Cheng Pei-Wen, Liang Hsin-Li, Lin Hui-Li, Hao Chi-Long, Tseng Yu-Hsiu, Tu Yi-Chen, Yeh Bor-Chun, Shen Kuo-Ping
Department of Medical Education and Research, Kaohsiung Veterans General Hospital, No. 386, Dazhong 1st Rd., Zuoying Dist., Kaohsiung City 813414, Taiwan.
Institute of Biomedical Sciences, National Sun Yat-Sen University, No. 70, Lien-hai Rd., Kaohsiung City 804, Taiwan.
J Clin Biochem Nutr. 2022 May;70(3):248-255. doi: 10.3164/jcbn.21-158. Epub 2022 Mar 24.
In past researches, we had been proved the action mechanism of pre-germinated brown rice (PGBR) to treat metabolic syndrome and diabetes mellitus. This study was to investigate the protective effect of PGBR in high fructose and high fat-induced non-alcoholic fatty liver disease (NAFLD) in rodents. WKY rats were divided into: Control group was fed normal drinking water and diet; FLD group was fed 10% high-fructose-water (HFW) and high-fat-diet (HFD); PGBR group was given HFW, and HFD mixed PGBR. After four weeks, the body, hepatic and cardiac weight gains of FLD group had significant increases than that of Control group. The enhanced blood pressure and heart rate, hypertriglyceridemia, hyperuricemia, and higher liver function index (GPT levels) were observed; meanwhile, the IL-6 and TNF-α levels of serum, and TG level of liver were also elevated in FLD group. The related protein expressions of lipid synthesis, inflammation, cardiac fibrosis, and hypertrophy were deteriorated by HFW/HFD. However, in treatment group, PGBR decreased all above influenced parameters, additionally GOT; and related protein expressions. PGBR treated HFW/HFD-induced NAFLD and cardiac complications might be via improving lipid homeostasis, and inhibiting inflammation. Together, PGBR could be used as a healthy food for controlling NAFLD and its' cardiac dysfunction.
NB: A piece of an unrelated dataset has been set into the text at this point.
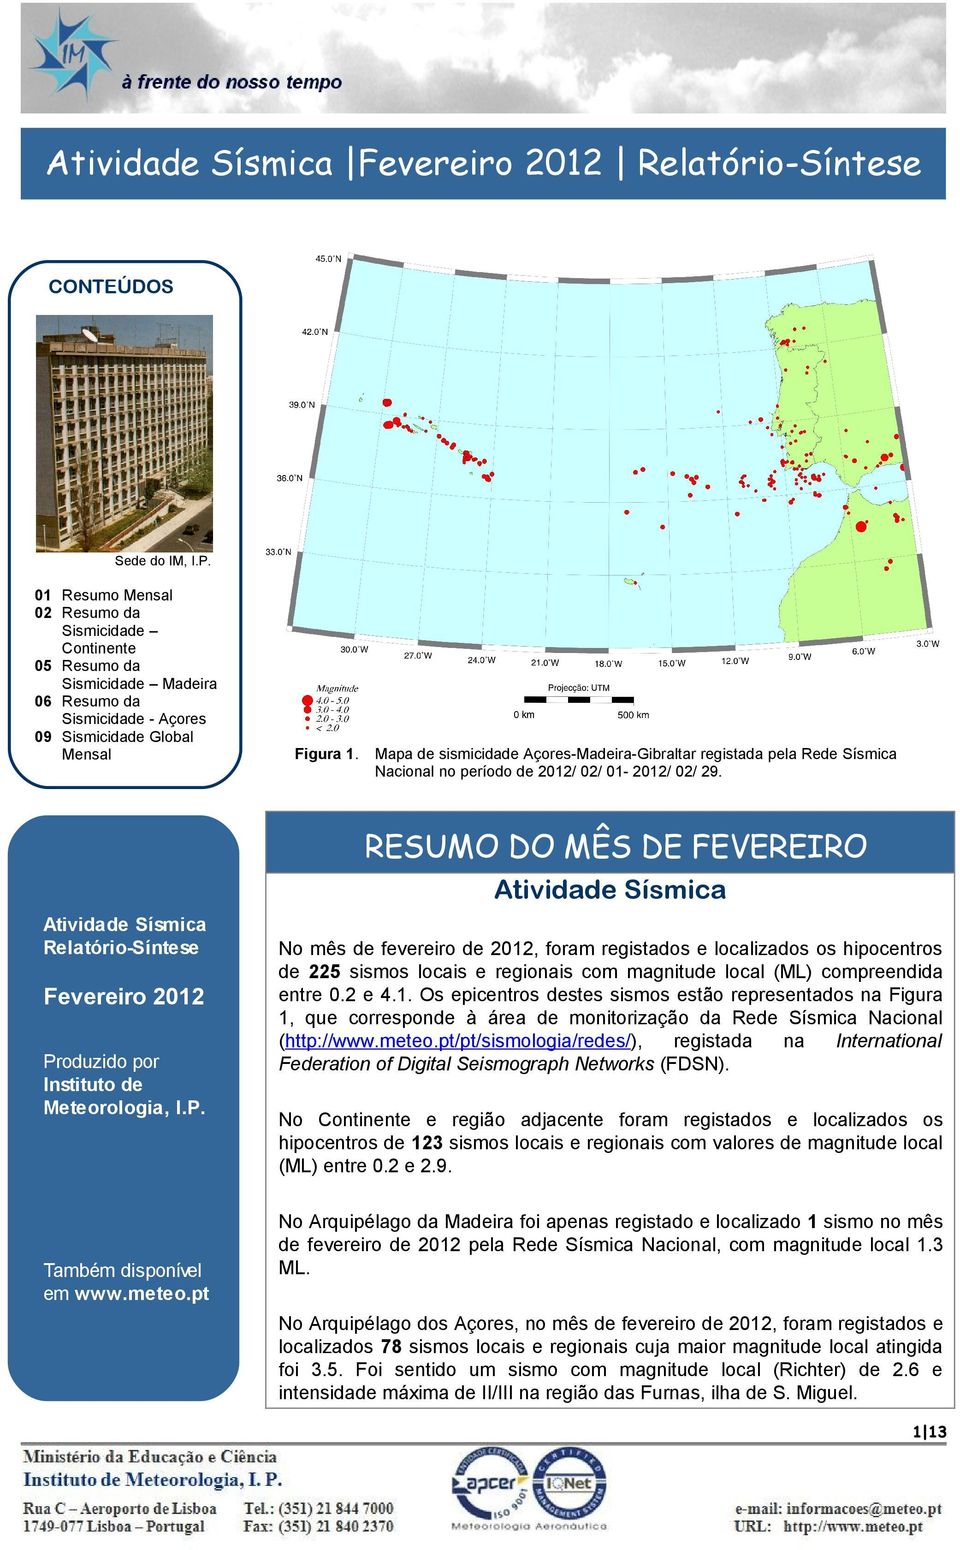 Mapa de sismicidade Açores-Madeira-Gibraltar registada pela Rede Sísmica Nacional no período de 212/ 2/ 1-212/ 2/ 29.

在以往的研究中,我们已经证实了发芽糙米(PGBR)治疗代谢综合征和糖尿病的作用机制。本研究旨在探讨PGBR对高果糖和高脂肪诱导的啮齿动物非酒精性脂肪性肝病(NAFLD)的保护作用。WKY大鼠被分为:对照组给予正常饮用水和饮食;脂肪肝组给予10%高果糖水(HFW)和高脂肪饮食(HFD);PGBR组给予HFW和混合了PGBR的HFD。四周后,脂肪肝组的体重、肝脏和心脏增重显著高于对照组。观察到血压和心率升高、高甘油三酯血症、高尿酸血症以及肝功能指标(GPT水平)升高;同时,脂肪肝组血清IL-6和TNF-α水平以及肝脏TG水平也升高。HFW/HFD使脂质合成、炎症、心脏纤维化和肥大的相关蛋白表达恶化。然而,在治疗组中,PGBR降低了上述所有受影响的参数,另外还有GOT以及相关蛋白表达。PGBR治疗HFW/HFD诱导的NAFLD和心脏并发症可能是通过改善脂质稳态和抑制炎症来实现的。总之,PGBR可作为一种控制NAFLD及其心脏功能障碍的健康食品。